From Eric Haszlakiewicz
Subject Re: BUG #4078: ERROR: operator does not exist: numeric = character varying
Date
Msg-id 200804011442.34671.peter_e@gmx.net
Whole thread Raw
Responses Re: Re: BUG #4078: ERROR: operator does not exist: numeric = character varying  (Tom Lane <tgl@sss.pgh.pa.us>)
List pgsql-general
Peter Eisentraut, April 1 2008
> Am Dienstag, 1. April 2008 schrieb rupesh:
> > ERROR:  operator does not exist: numeric = character varying at character
> > 675
> > HINT:  No operator matches the given name and argument type(s).

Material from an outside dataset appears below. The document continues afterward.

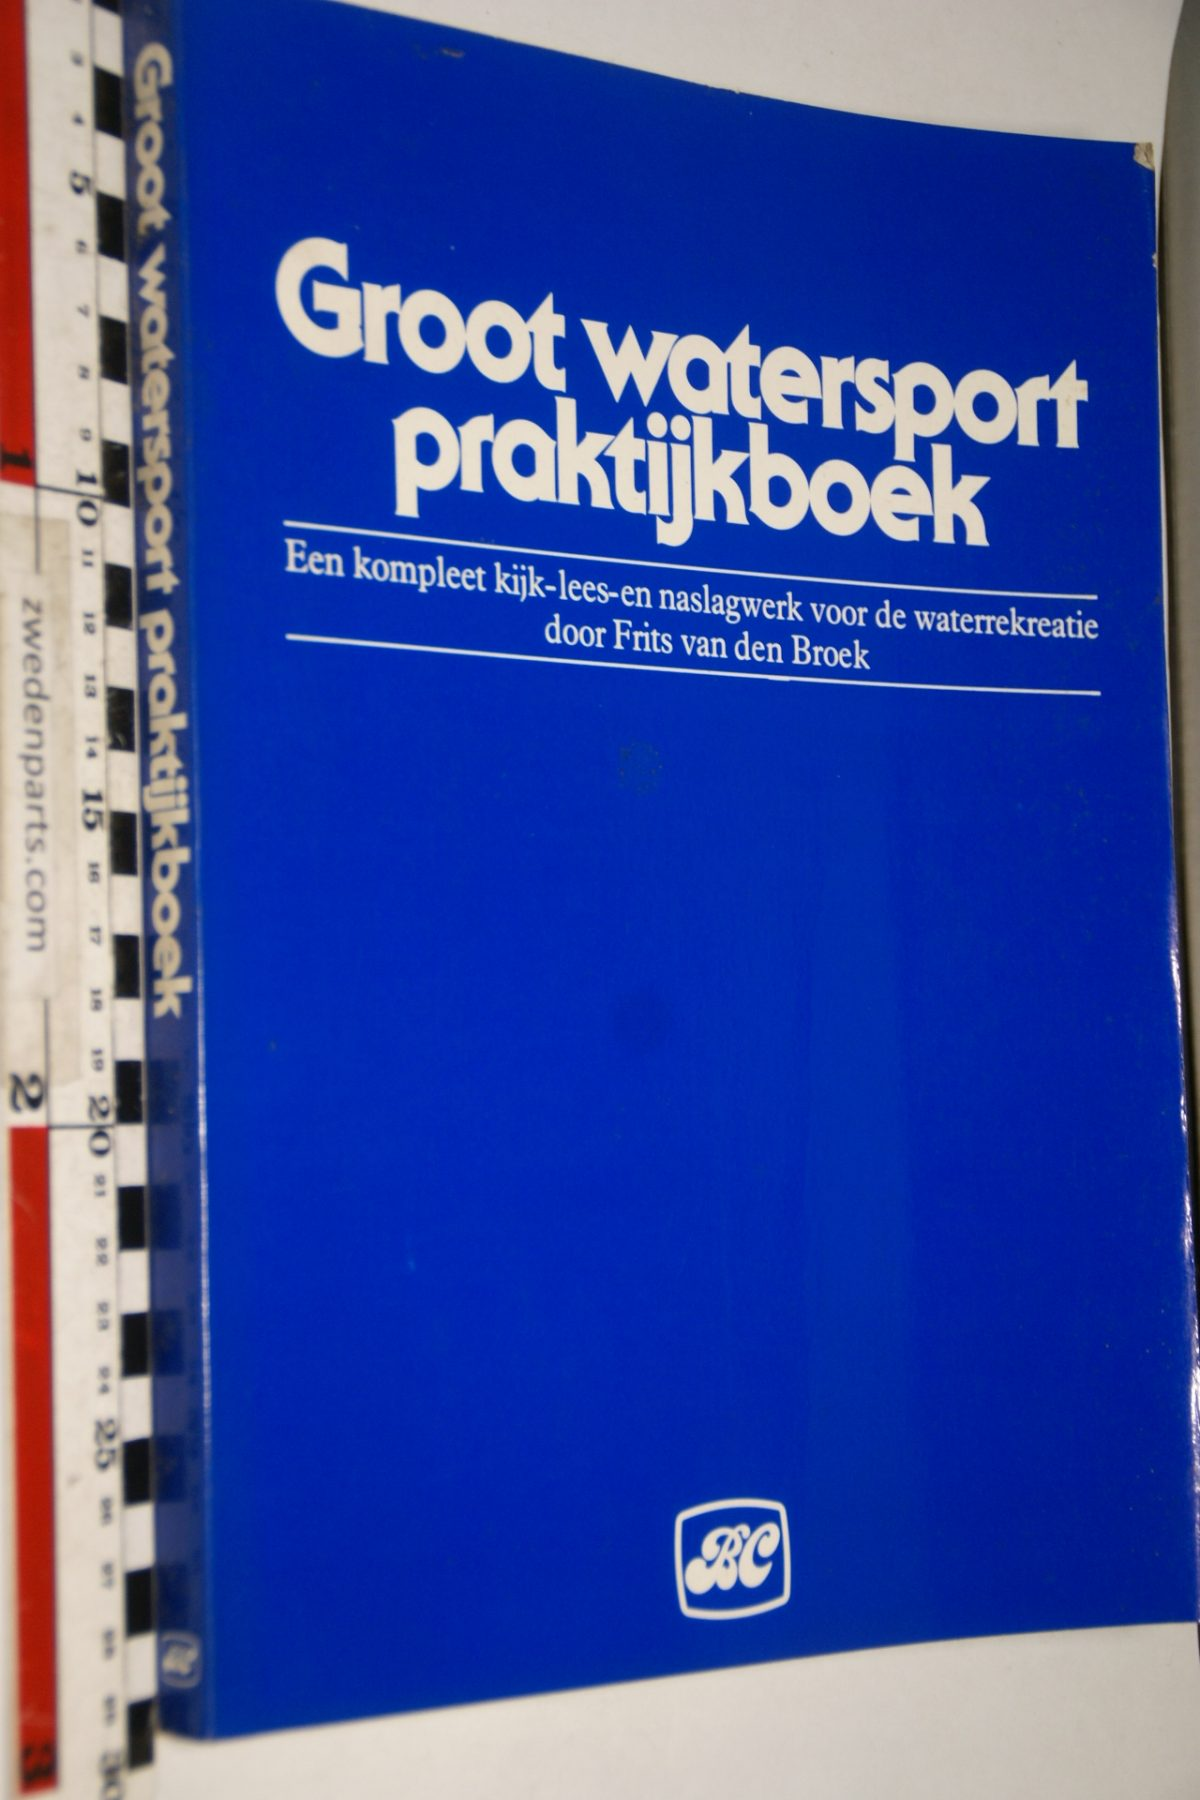 DSC06948 boek Groot watersport praktijkboek van Frits van den Broek  ISBN 902661649

You might
> > need to add explicit type casts.
> > (0.735 sec)
> >
> >
> > This was previously working in 8.2.3 but not in 8.3
> This was an intentional change.  Please read the release notes about fixing
> your code.

I read the release notes, and the idea of removing this to avoid problematic
automatic casts seems reasonable, but why not add an additional operator
so the useful cases actually still work?

I created this, which seems to solve the problem:

create function casting_eq_operator(integer, "char")
   returns boolean as 'begin
    return $1 = cast ($2 as integer);
end;'  language plpgsql immutable strict;

CREATE OPERATOR = (PROCEDURE = casting_eq_operator,
  LEFTARG = integer , RIGHTARG = "char",
  COMMUTATOR = =, NEGATOR = !=, HASHES, MERGES
);

Can this be included by default?

On a related note, I originally wrote this using 'character varying'
instead of '"char"', but that caused simple string comparisons in queries
to fail.  e.g.
select * from foo where mycol = 'abc';
when mycol is a varchar column complained about "invalid input syntax
 for integer".  Is there a simple explanation for why it wouldn't just
try to do a plain string comparison instead of using my custom operator?